Brodie’s revision (3 Vols., London, 1920) of J. S. Brewer’s
Letters and Papers of Henry VIII. Hannay admired, but
did not completely approve of, the fashion in which Brodie
had carried out his enormously difficult task. It seemed to
him that in some cases the abstracts were so brief as to be
almost useless, if not misleading, that matters relating to
Scotland got too little attention, and that Brodie had
occasionally gone astray in his attempts to date the
numerous undated letters.
The task, in brief, to which Hannay addressed himself
was the preparation, not of verbatim translations, but
of very full abstracts, retaining the substance and some¬
thing of the character of the originals, of all the letters
written between April 1505 and September 1513 con¬
tained in N.L., and in Ruddiman and Gairdner. Those
that were undated he essayed to date, at least approxi¬
mately, from the record of the movements of ambassadors
and heralds in the Accounts of the Lord High Treasurer
and the Register of the Privy Seal.
He made little use, it would appear, of B.M., preferring
instead the more accessible Register House MS. For the
correspondence with the Danish court he preferred to the
copies in N.L. the original letters as printed in Wegener.

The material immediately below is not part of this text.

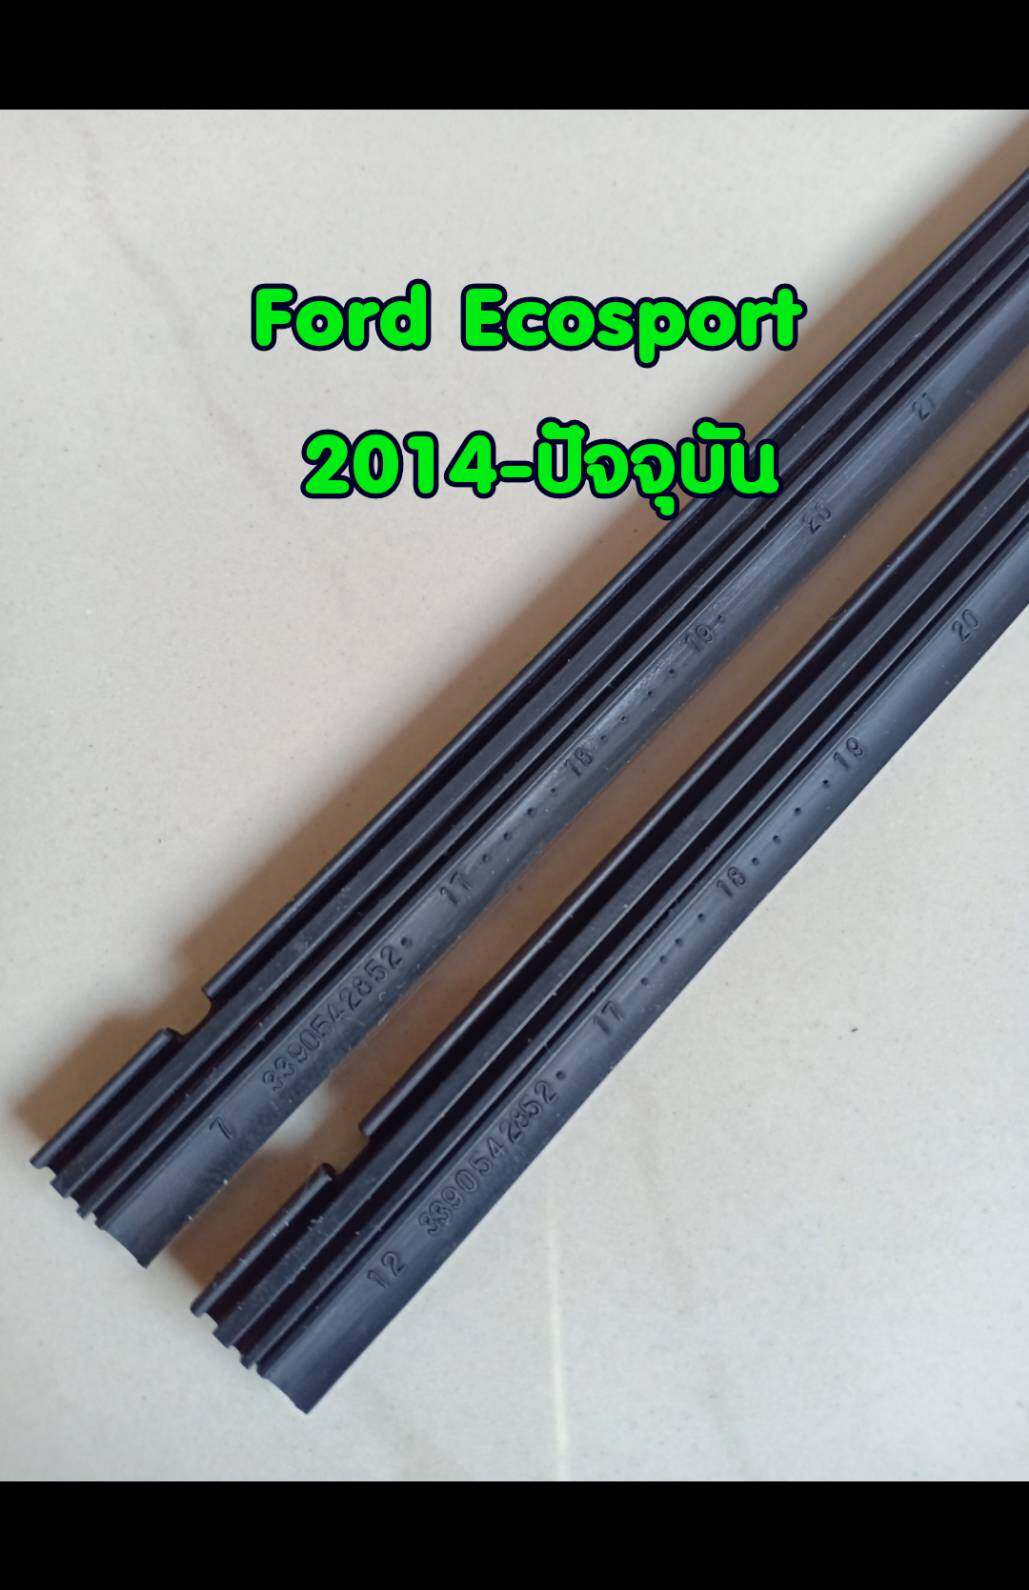 ยางปัดน้ำฝนแบบรีฟิลแท้ตรงรุ่น Ford Ecosport ปี 2014-ปัจจุบัน ขนาด 400 mm.และ 550 mm. จำนวน 1 คู่

From his notes it is clear that he meant to include in the
Calendar the very important letters in another British
Museum MS.—Caligula, B. vi—as well as the letters
relating to Andrew Forman’s ambassadorial activities
printed in Godefroy’s Lettres du Roy Louis XII (Brussels,
1704).
When ill-health forced Hannay to abandon his task,
he had all but completed the calendaring of the letters
written between 1505 and 1510. After 1510 the gaps in
his manuscript become more frequent, and the ten fateful
months before Flodden he left a complete blank.